*** Opening of The records ***

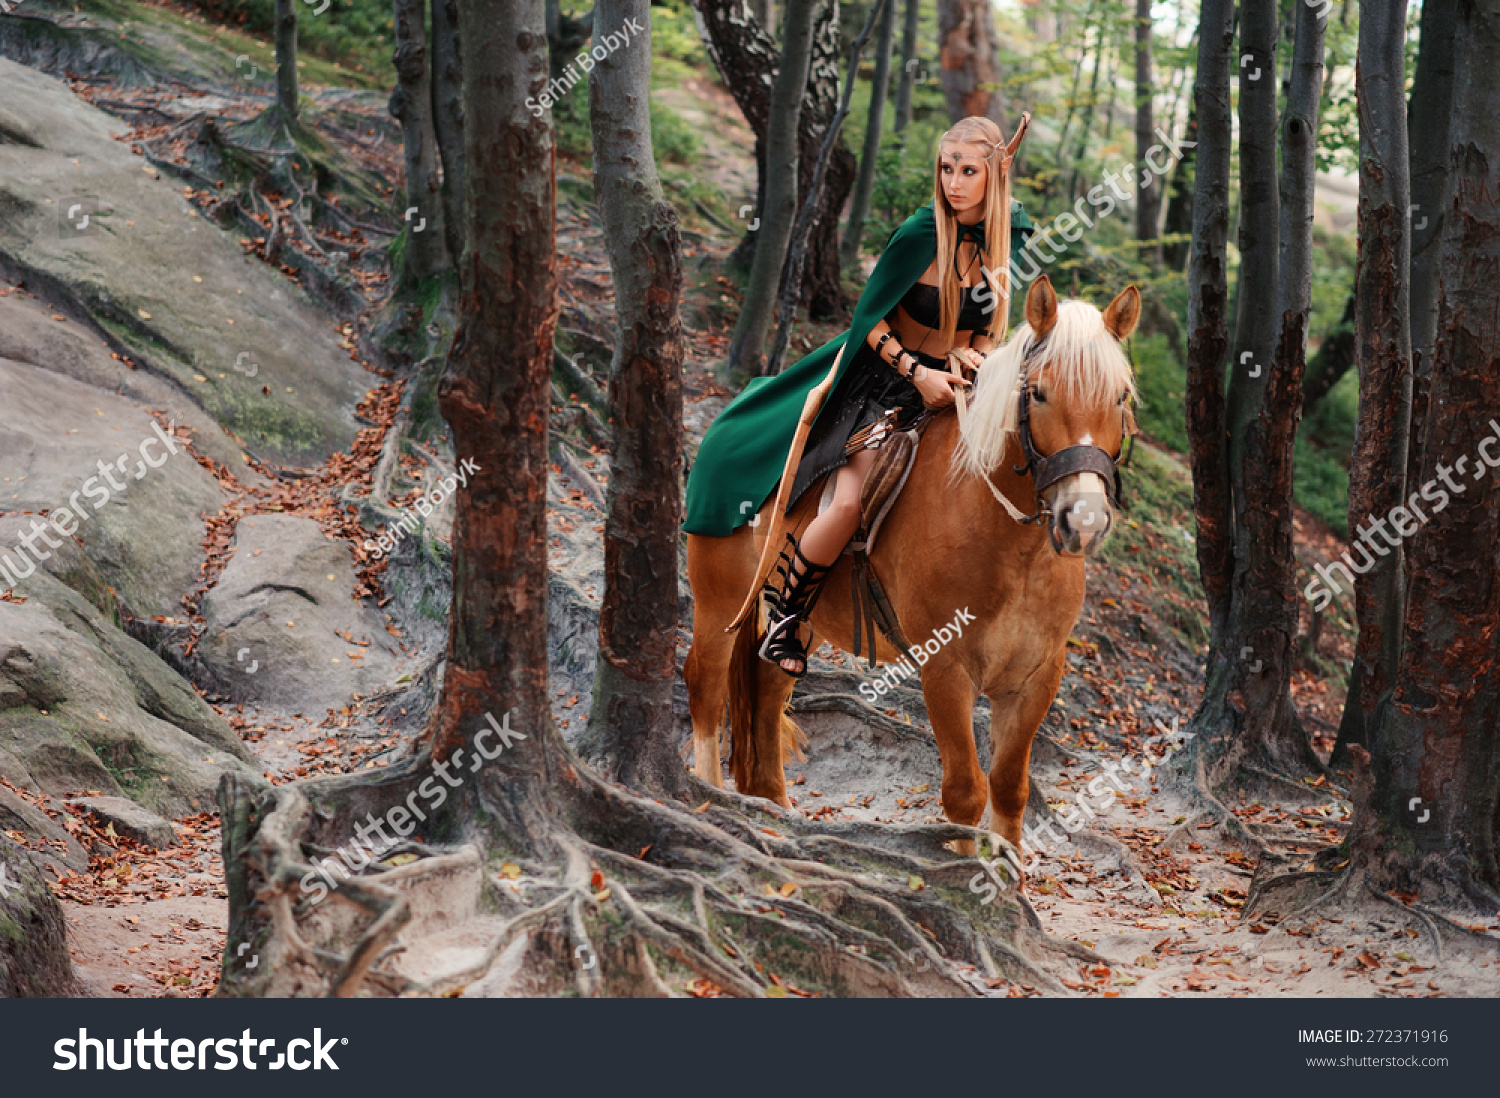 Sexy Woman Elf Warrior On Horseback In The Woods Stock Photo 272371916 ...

*** Close of The records ***
*** Opening of The records ***

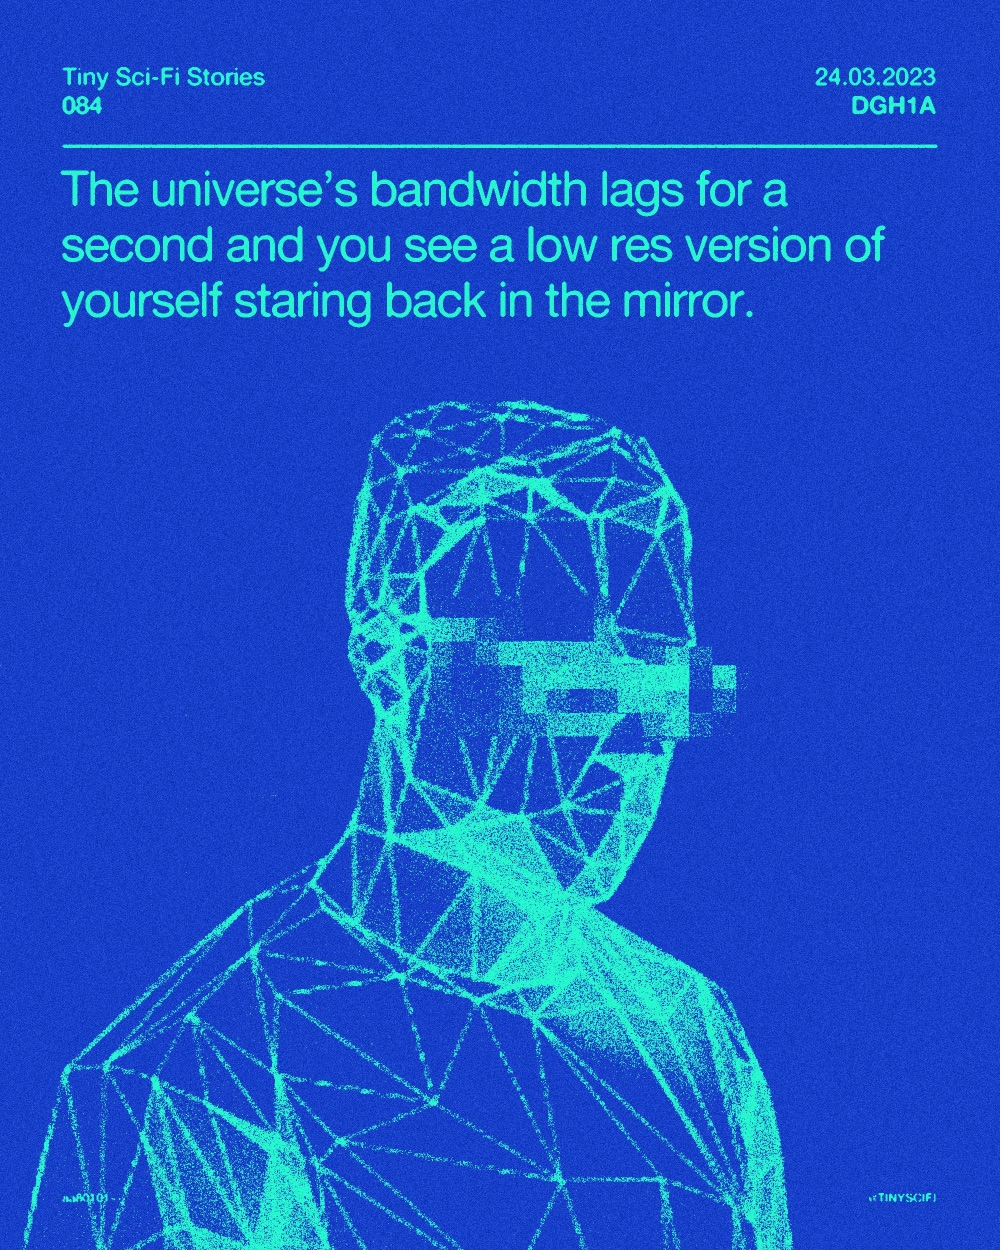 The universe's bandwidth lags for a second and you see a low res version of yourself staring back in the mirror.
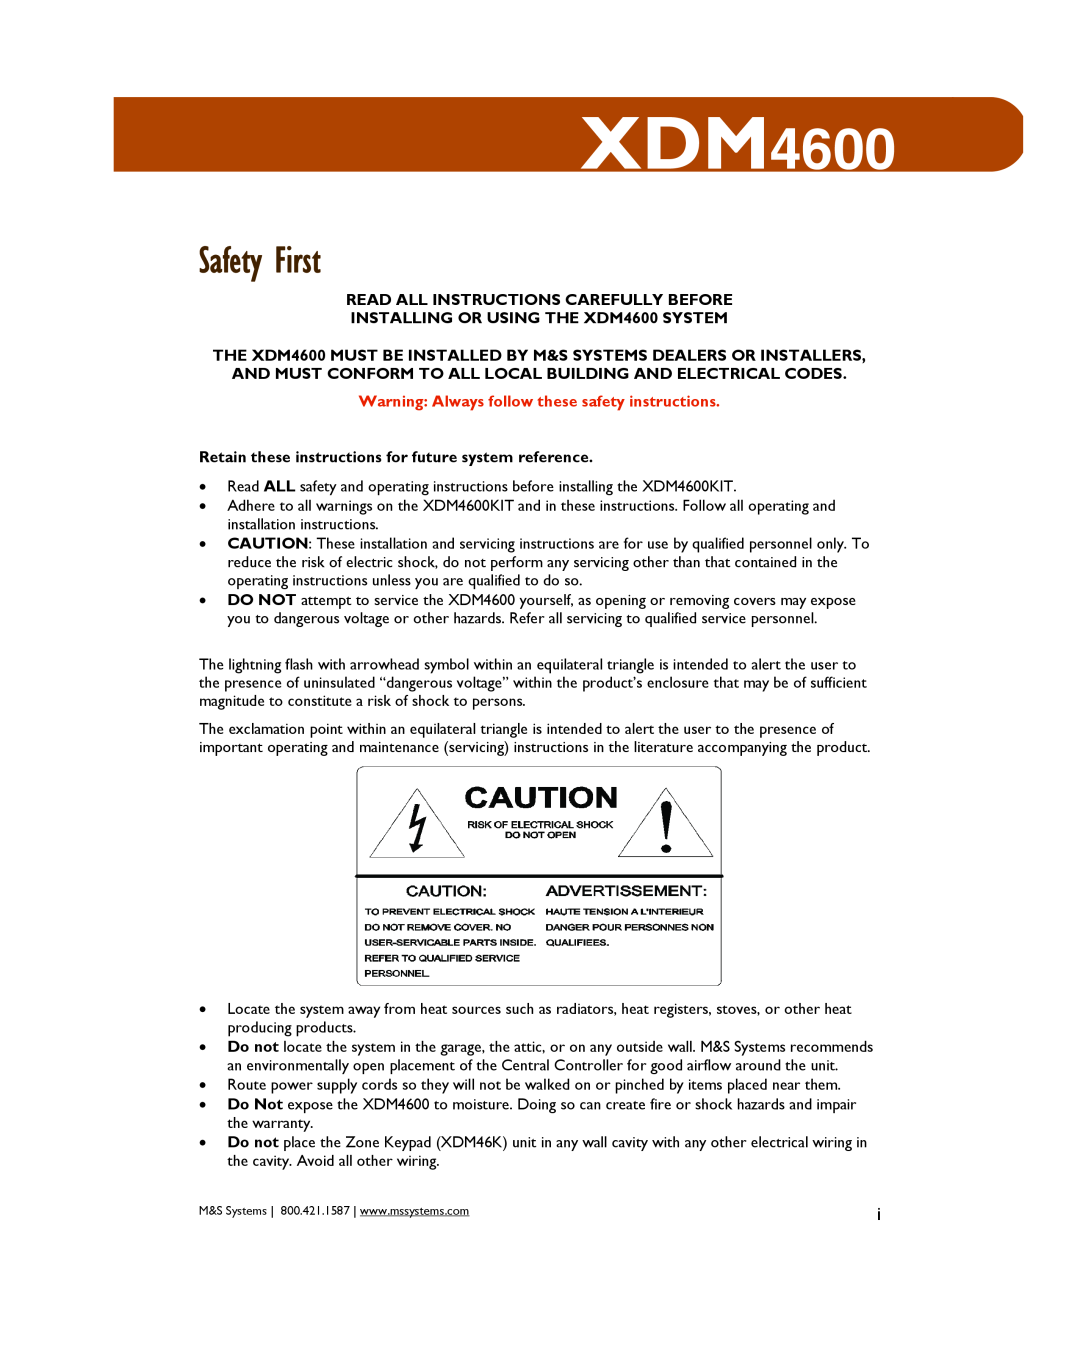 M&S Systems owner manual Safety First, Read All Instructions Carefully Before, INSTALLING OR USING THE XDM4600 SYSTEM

*** Close of The records ***

== Work to complete ==
Everything above from the line containing "The universe's bandwidth" down to the line containing "M&S Systems owner" is to be duplicated exactly, both lines included, and the pictures are to be omitted.

== Your response ==
 The universe's bandwidth lags for a second and you see a low res version of yourself staring back in the mirror.
 M&S Systems owner manual Safety First, Read All Instructions Carefully Before, INSTALLING OR USING THE XDM4600 SYSTEM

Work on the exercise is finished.